Goodenberger, St. Louis: I want to echo what Ken said. We used to be across the hall from each other for 15 years and talked about this sort of thing for a lot. I looked at this about 10 to 12 years ago at Washington University, which had an endowment at the time of $1.5 billion, probably approaching $2 billion now. I figured out—by looking at all the course masters at Washington University, all the people who led all the courses from the first day of medical school to the last—that an endowment of about $20 million would have funded the salary, the self-reported efforts for their salaries for education… I would say, echoing what people have talked about in regard to Paul Beeson, I think this is also a moral leadership issue. I think this is a matter of setting priorities, and I think there is no secret that we have not spent any money on clinical education in medical schools for 30, maybe 40 years. You know the evolution was that, in the 1970s, when practice plans came about, you could be dumb as a rock and make a lot of money, and so, deans were only too happy to have the clinical departments fund the education in their departments. That’s the model that really persists today, so my dean is sitting on the third- and fourth-year tuition and paying nothing toward the medical education of the medical students in the third and fourth years. That is moral issue number one. Moral issue number two is, how do you set priorities? We are talking about amounts of money that are relatively trivial in comparison to the whole, and so I think it is a matter of setting priorities.

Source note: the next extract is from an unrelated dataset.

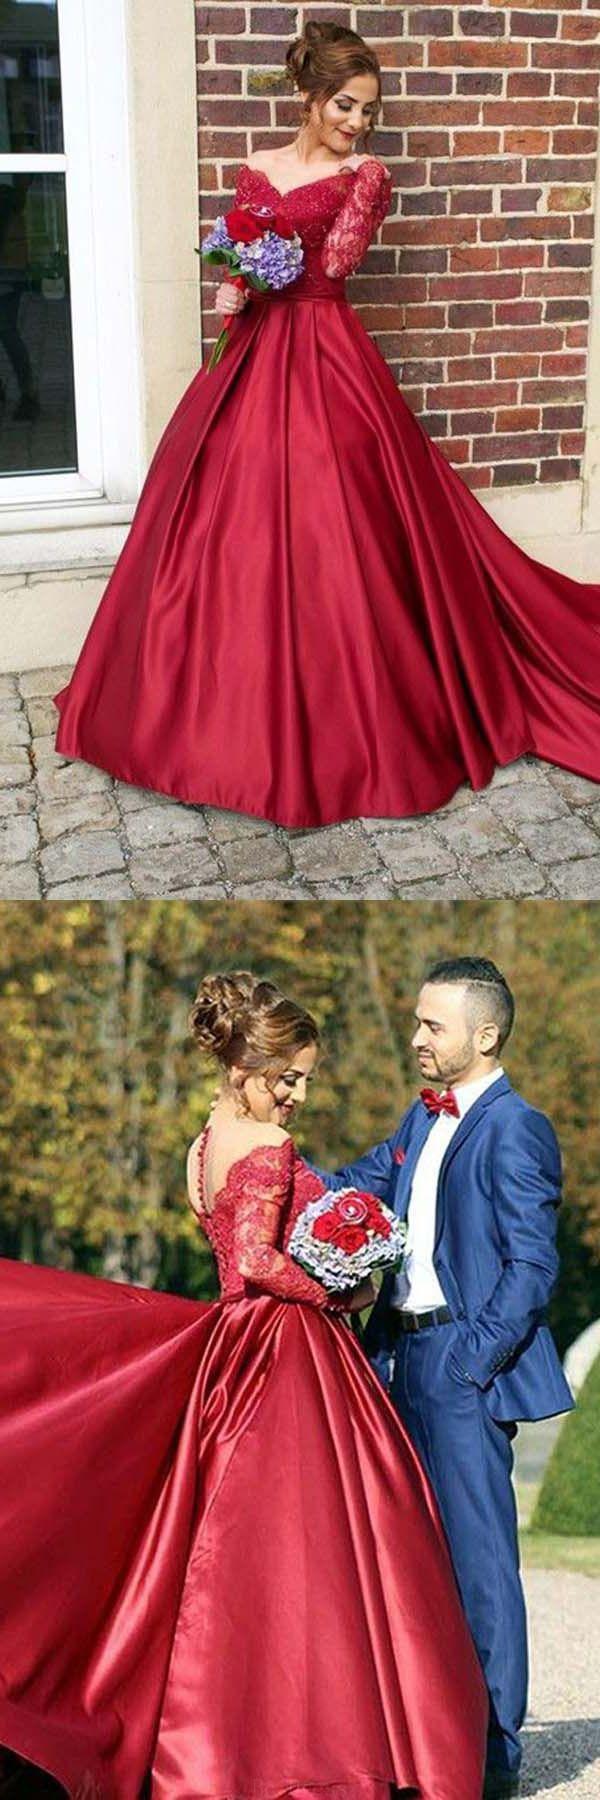 Burgundy prom dress burgundypromdress long sleeves prom dress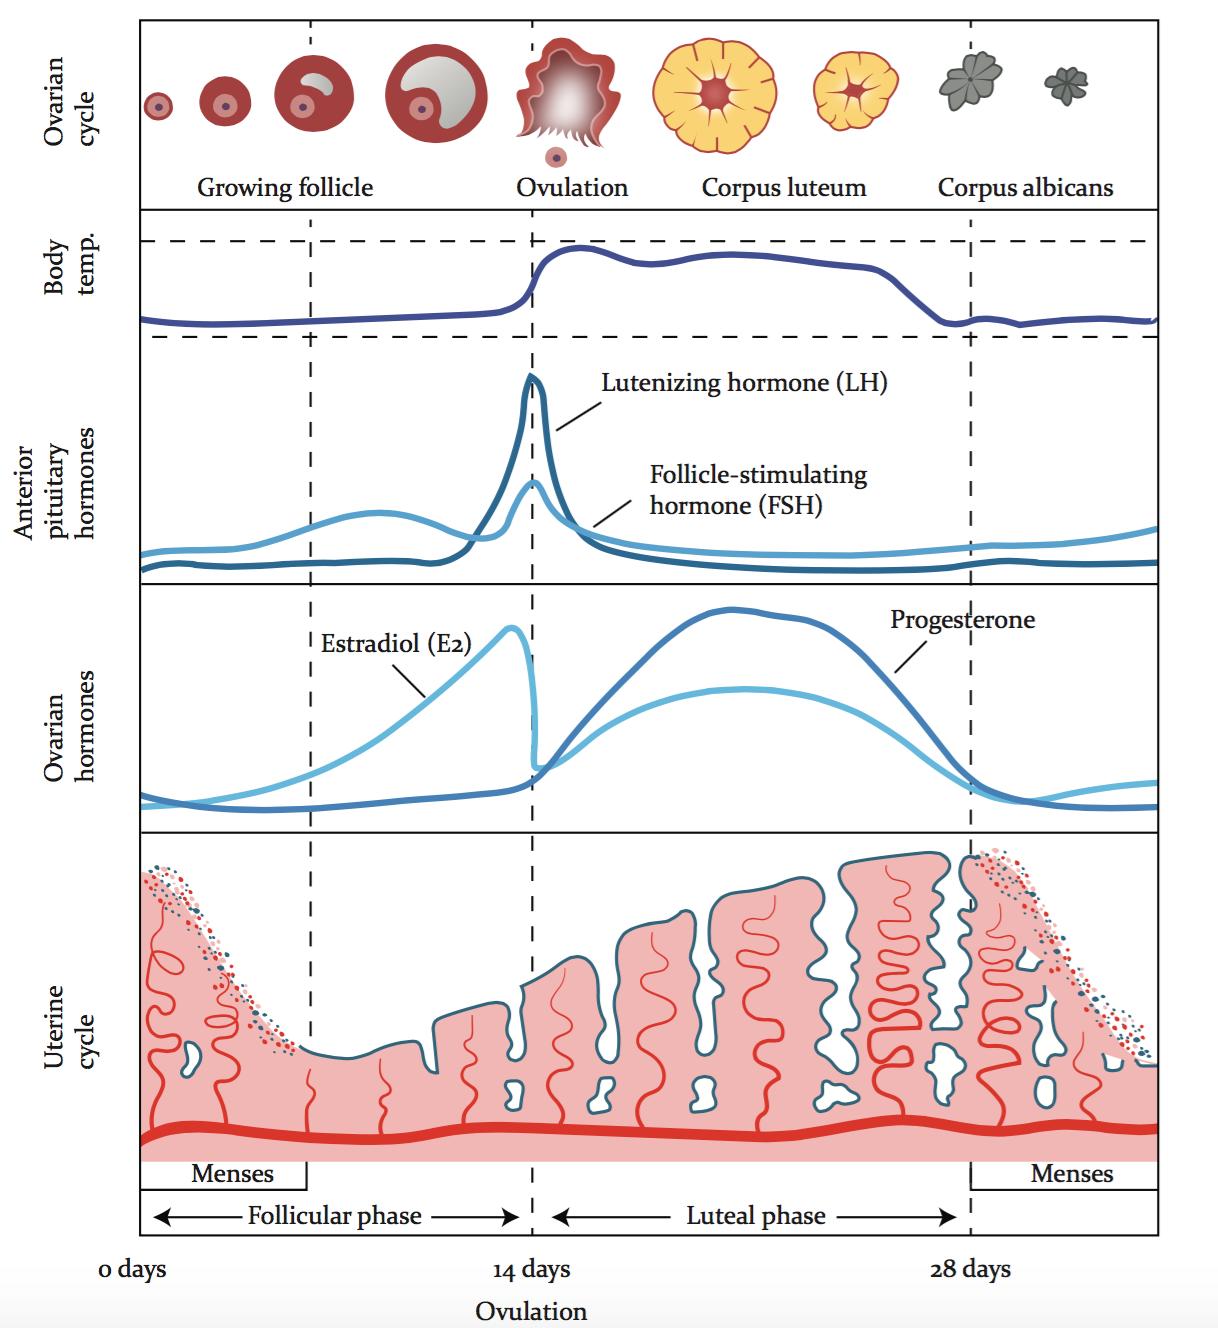 Summary of Menstrual Cycle

Schwinn, Iowa City: I believe medical education needs to be a crucial priority going forward. We should balance education across different realms of students and teaching topics, and ensure curiosity is enhanced during the process. In addition, I want to ensure we are not only getting our students through a good process, we are also thoughtful about teaching them in a way that is replenishing to our academic faculty as well. It is important that we remember that educators are scientists too, as exemplified by educational outcomes research across our various learning environments such as basic research, translational research, and high-quality clinical care environments. Thank you for your wonderful comments!